Madam Speaker, it is always an honour for me to speak in the House on such an interesting bill. I will say right off, however, that we oppose it and for various reasons, which we will look at in the next few minutes.
First, I have to say that the title of the bill surprises me a bit. The short title is the Reform's Anti-Profiteering Act. I am a lawyer, and this is the first time I have seen the name of a political party in the title of a bill. It seems rather partisan to me and contrary to our parliamentary traditions.
We cannot discuss this bill without raising one aspect of it that is a bit of a concern, namely the constitutional problems it raises. I refer specifically to clause 6.
This clause concerns the proclamation of a national or local emergency. This bill accords fairly broad and exceptional powers to the federal government to proclaim not only a state of national emergency, as already provided in the preamble to the Constitution, but a state of local emergency. This means skirting what we consider to be provincial jurisdictions.
No one will be surprised by the Bloc's total rejection of the principle of having the federal government intervening in order to declare a state of emergency, in Quebec for example, or in some other province. This prerogative should rest with the province in question and not the federal government.
In its current wording, clause 6 of the bill reads:
6.(2) Where the Governor in Council believes, on reasonable grounds, that a national emergency exists, the Governor in Council—
may, on the request of the lieutenant governor in council of the province—
issue a proclamation declaring that emergency to be an emergency for the purposes of subsection 3(1).
Why should a province then ask the federal government to please declare an emergency in that province?
This is a rather domineering and unacceptable form of federalism, and I am surprised that a political party such as the Reform Party, which calls itself decentralizing, would present a bill such as this. But the Reform Party is not short on contradictions, and I will come back to this later.
I was saying this prerogative of declaring a local emergency should be held by the provinces. In the United States, 43 states out of 50 have given themselves the prerogative of declaring an emergency, because the government of an American state or of a province is much closer and has different services that are close to the people and that should be implemented.
This control over various local governments and various local instruments is the responsibility of a provincial government—or a state government, in the United States—and not of the federal government.
I can hardly imagine the current Prime Minister declaring a state of emergency in Quebec during the ice storm crisis, for example.
The other problem is the very broad definitions contained in this bill. What does the Reform Party mean by “goods and services” or by “unreasonable or inflationary prices”?
The interpretation that can be given to those important terms is nowhere to be found in the bill and does not reflect what should have been the underlying values of this bill. The government is given such latitude that it is ridiculous.
In the Reform philosophy, when it comes to punishment it is amazing to see to what lengths Reform members are willing to go to please their constituents, namely voters from western Canada.

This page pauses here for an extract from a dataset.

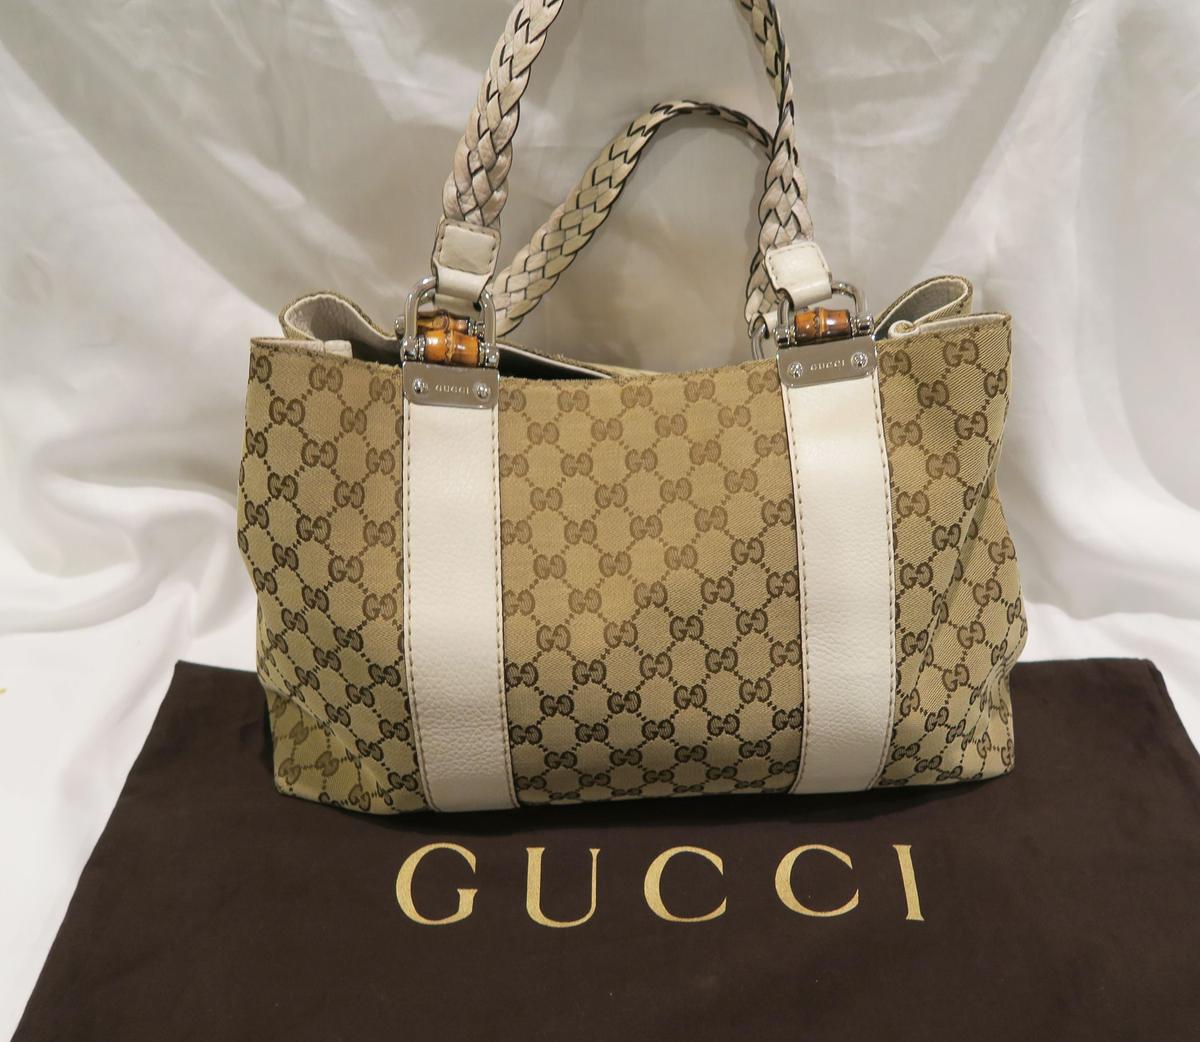 Gucci Signature Print Handbag w/White Leather Strap Style 19622564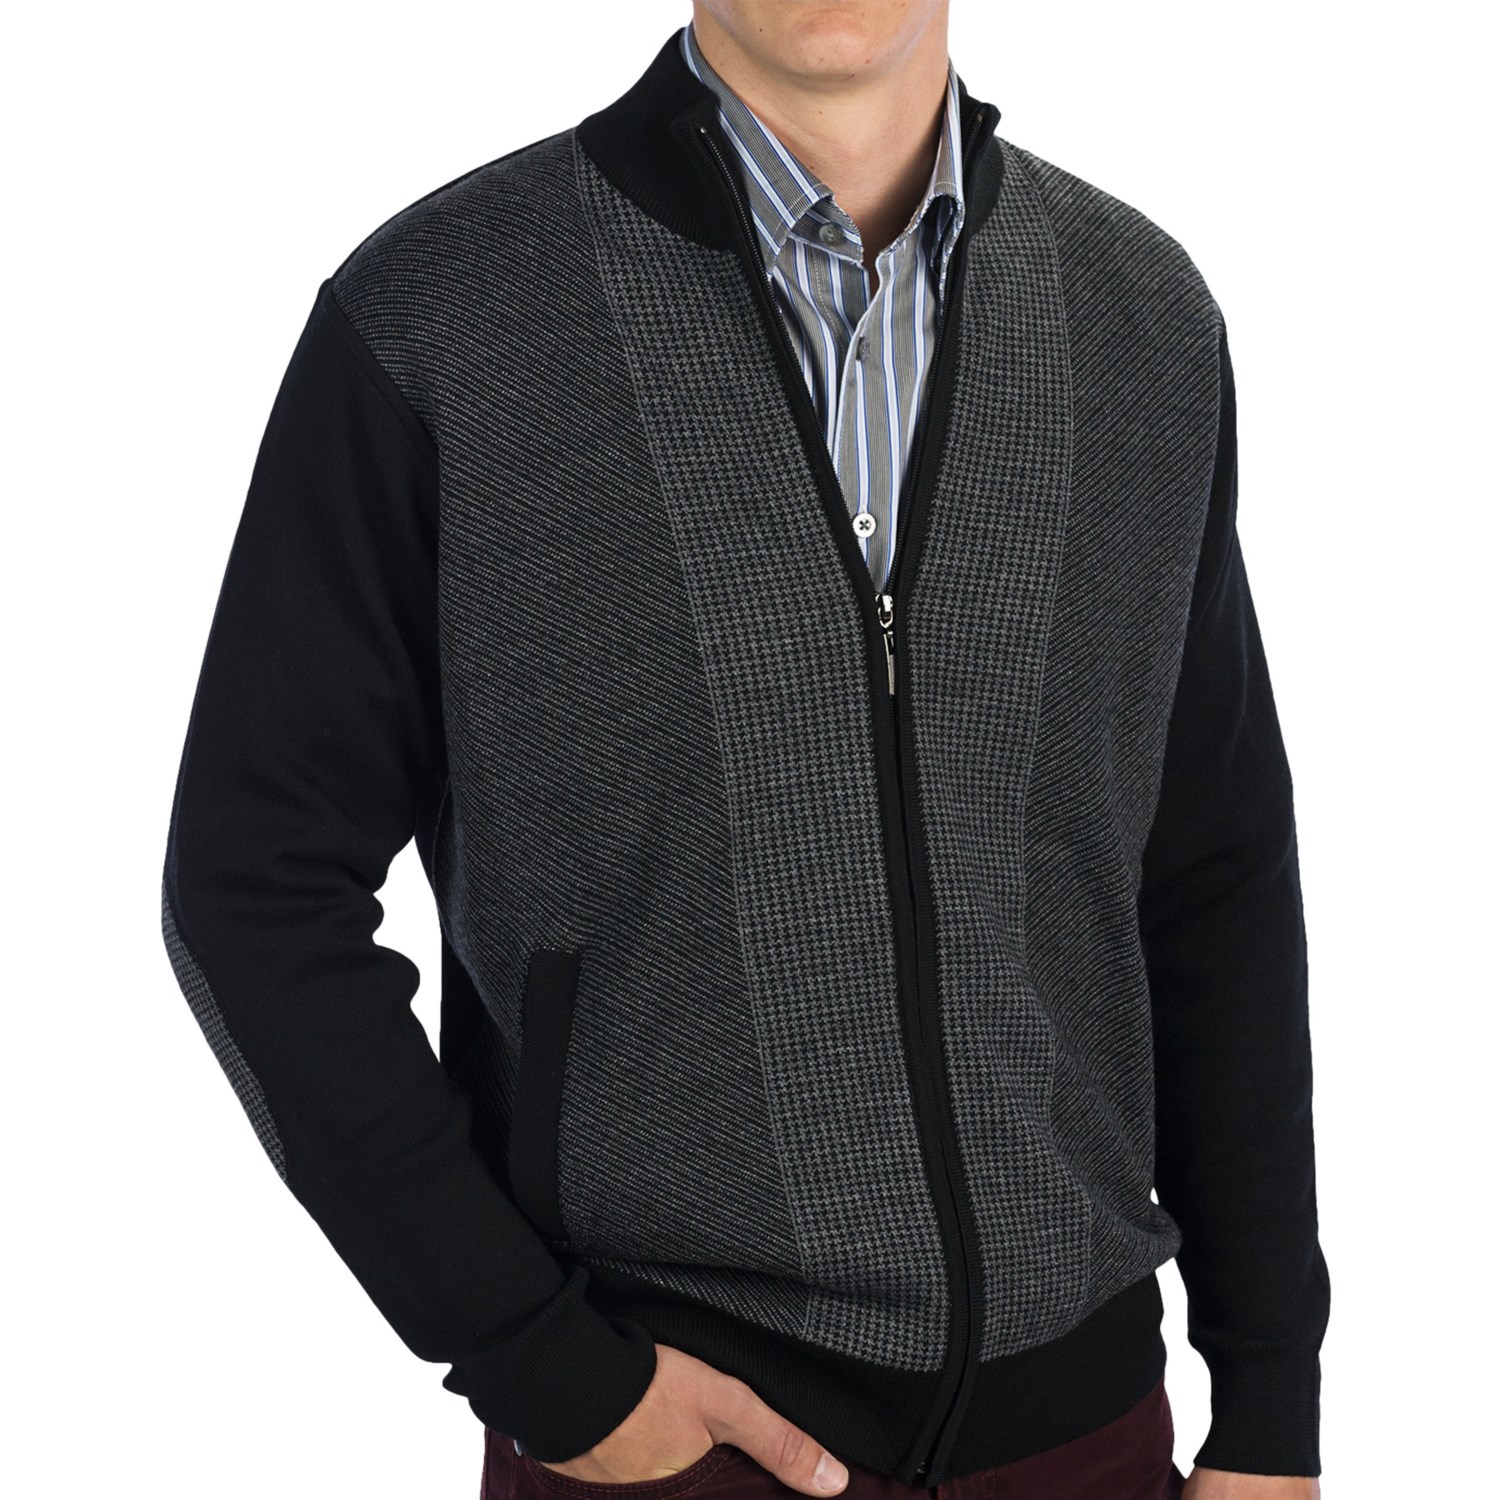 Bullock & Jones Cardigan Sweater - Merino Wool Blend, Zip Front (For Men)

The bill provides that the amount of the fine for a second or subsequent offence may be double the amount of the previous fine. The amount of the various fines that may be given to those who commit this offence can be multiplied. That goes completely against the philosophy that exists in Quebec.
Similarly, according to the Reform logic based on law and order, the person is liable to be convicted for a separate offence for each day on which the offence is committed. Therefore, if a person commits the offence over a period of ten days, he or she will be charged ten times, which is not only redundant but also ridiculous.
Another contradiction I would like to mention is clause 9. Under clause 9 of this bill, the Senate or the House of Commons may revoke a national emergency proclamation. For a political party that is against the Senate in its present form, it is a little surprising to see that it is willing to give the same power to ten senators as it is giving to twenty members of the House of Commons. It is surprising and even disappointing for us to see senators being given that kind of power. We want to see the Senate abolished.
This was another contradiction of the Reform Party that I wanted to point out.
Finally, under clause 12, the governor in council may make regulations for carrying out the purposes of the act. We believe that this regulatory power, as defined in this bill, is much too broad and that letting a government rule by order in council in a critical situation like an emergency is definitely not in the public interest.
Therefore, the title of the legislation is inappropriate, in that it is too partisan. The bill lacks clarity and opens the door to misinterpretations. The principle of the act and the order proposed by Reformers would be served only too well by this bill. The Senate would play a key role in implementing this legislation, which is unacceptable, as senators are appointed by friends of the government. As a result, the federal government would have too much latitude to interfere in areas that must remain exclusively under provincial jurisdiction.
For these reasons we oppose this bill.